Another policy concept that is tangled up with farmer behaviour is additionality. As we say in the paper:

A conservation action (and the resulting environmental gain) that is supported by a payment is additional if the farmer would not have taken the action if he or she had not received the payment. Environmental gains that flow from nonadditional actions cannot be attributed to the incentive program.

If the additionality of a proposed agri-environmental payment scheme is too low, it’s not worth running the scheme. Most farmers were going to adopt the practice anyway, so any incentive payment to them is just a gift, making no difference to environmental outcomes. Policies to promote some practices have high additionality (e.g. filter strips or cover crops in the U.S.) while others have much lower additionality (e.g. conservation tillage in the U.S.).

Assessing additionality is essentially about predicting behaviour. In fact, for programs that aren’t in place yet, assessment of additionality required two predictions about behaviour: what will farmers do if the program does offer them the proposed incentive scheme, and what will they do if there is no incentive payment scheme. The difference between those two predictions tells you the additional change that is attributable to the scheme.
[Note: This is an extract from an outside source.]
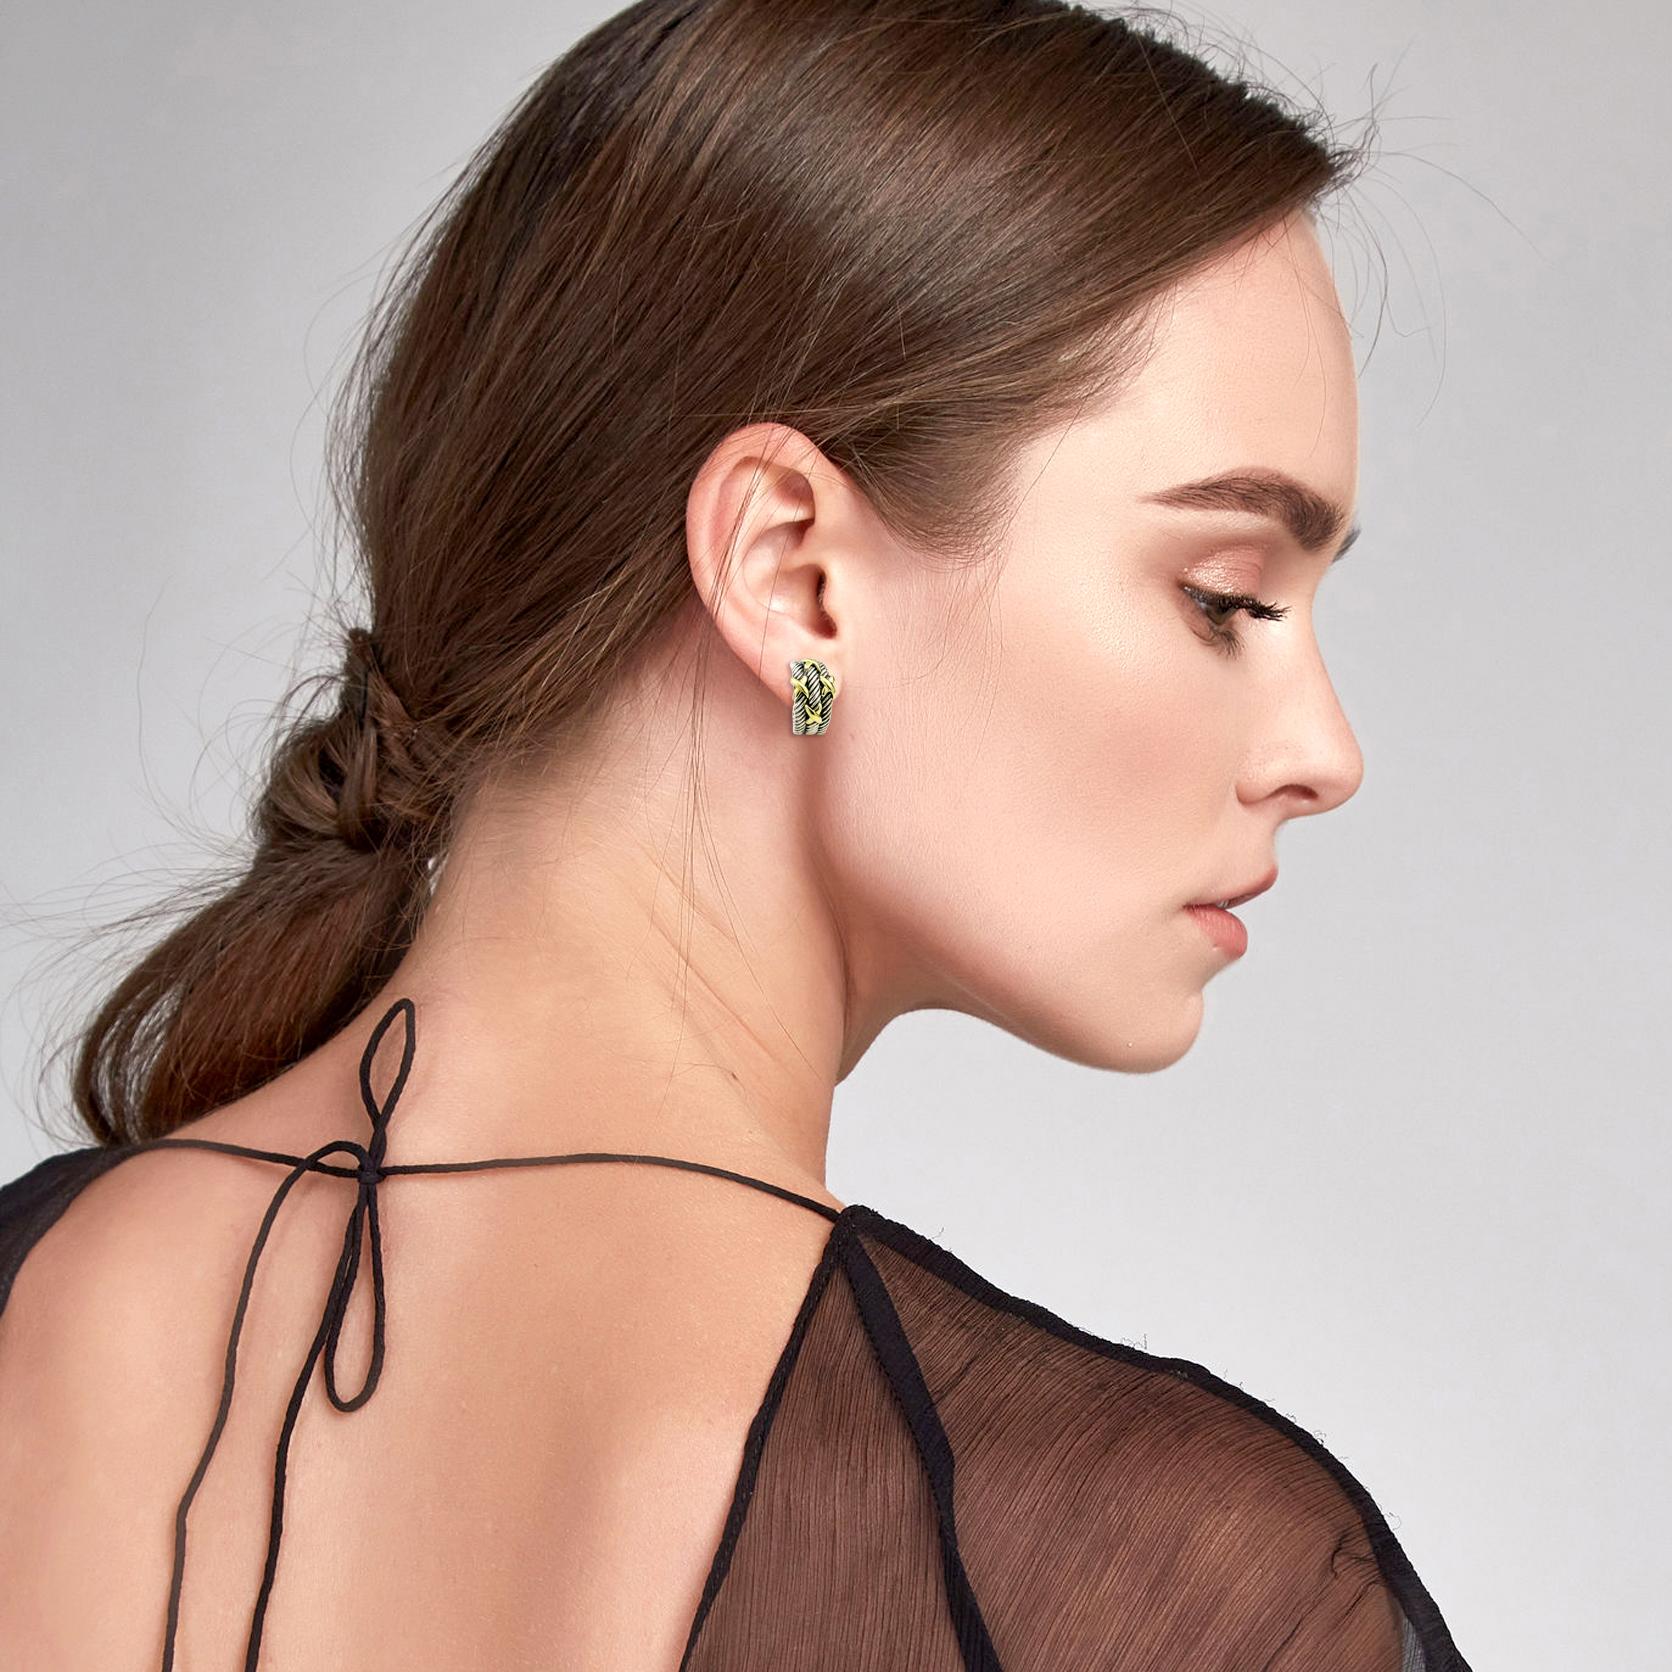 David Yurman cable classics x medium hoop earrings crafted in sterling silver with 14k yellow gold. Butterfly backs.

Even assessing an incentive scheme that is already well established requires a sort of prediction. You can observe what farmers are doing with the scheme in place, but to assess additionality you still need to estimate what they would have done in the absence of the scheme.

For all these reasons, an ability to understand and predict farmers’ adoption of new practices is critically important to agricultural policy makers if they want their policies to be effective and efficient.

Further reading

Pannell, D.J. and R. Claassen. 2020. The Roles of Adoption and Behavior Change in Agricultural Policy. Applied Economic Perspectives and Policy 42(1), 31-41.

One comment

  • 10 March, 2020 - 2:14 pm | link

    When we were introducing direct drilling into Australian agriculture in the 1970s we, that is what was ICI Australia, Rural Division, spent a considerable amount of money on market research, and it is one of my regrets from that time that I did not keep copies of that research. We not only surveyed farmers attitudes to tillage reduction at the beginning, but we also surveyed their attitudes and behaviour during the period of adoption and after adoption.
    At the beginning we were advised and accepted that knowledge, values, attitudes and beliefs determine behaviour. Simple really but seldom used. We decided that until we knew what farmers knowledge, values etc, were to conventional tillage and so what beliefs drove their current behaviour we wouldn’t be able to change their behaviour to adopt a minimum and in some cases a no till regime.
    Once we had, in some ways confirmed what we always knew and that was that tillage was entrenched in behaviour we also determined ‘why’ tillage was entrenched and, more interestingly we also found at that time there were growing concerns among farmers as well as some scientists about the effect tighter rotations were having on old and fragile soils.
    We not only surveyed farmers through the whole spectrum of adoption, but we surveyed their advisers, farm advisers, Dept of Ag and anyone else we could find who influenced farmer behaviour. We did find that there was an influential body of opinion within the Dept of Ag at that time that maintained that tillage reduction just would not work.
    Then we employed in the field and within our communication package the old and tried adoption model that we all learned so long ago which involved identifying the innovators, early adopters etc.,
    We spent a considerable amount on the media, print, radio and TV. We were the first ag chem company to advertise our ‘system’ on metropolitan TV in prime time. Our view was that the expense was well worth it because the exposure undoubtedly influenced decision makers in the city, from the ag chem suppliers to the banks.
    It is a long story David, I hope this helps in some small way.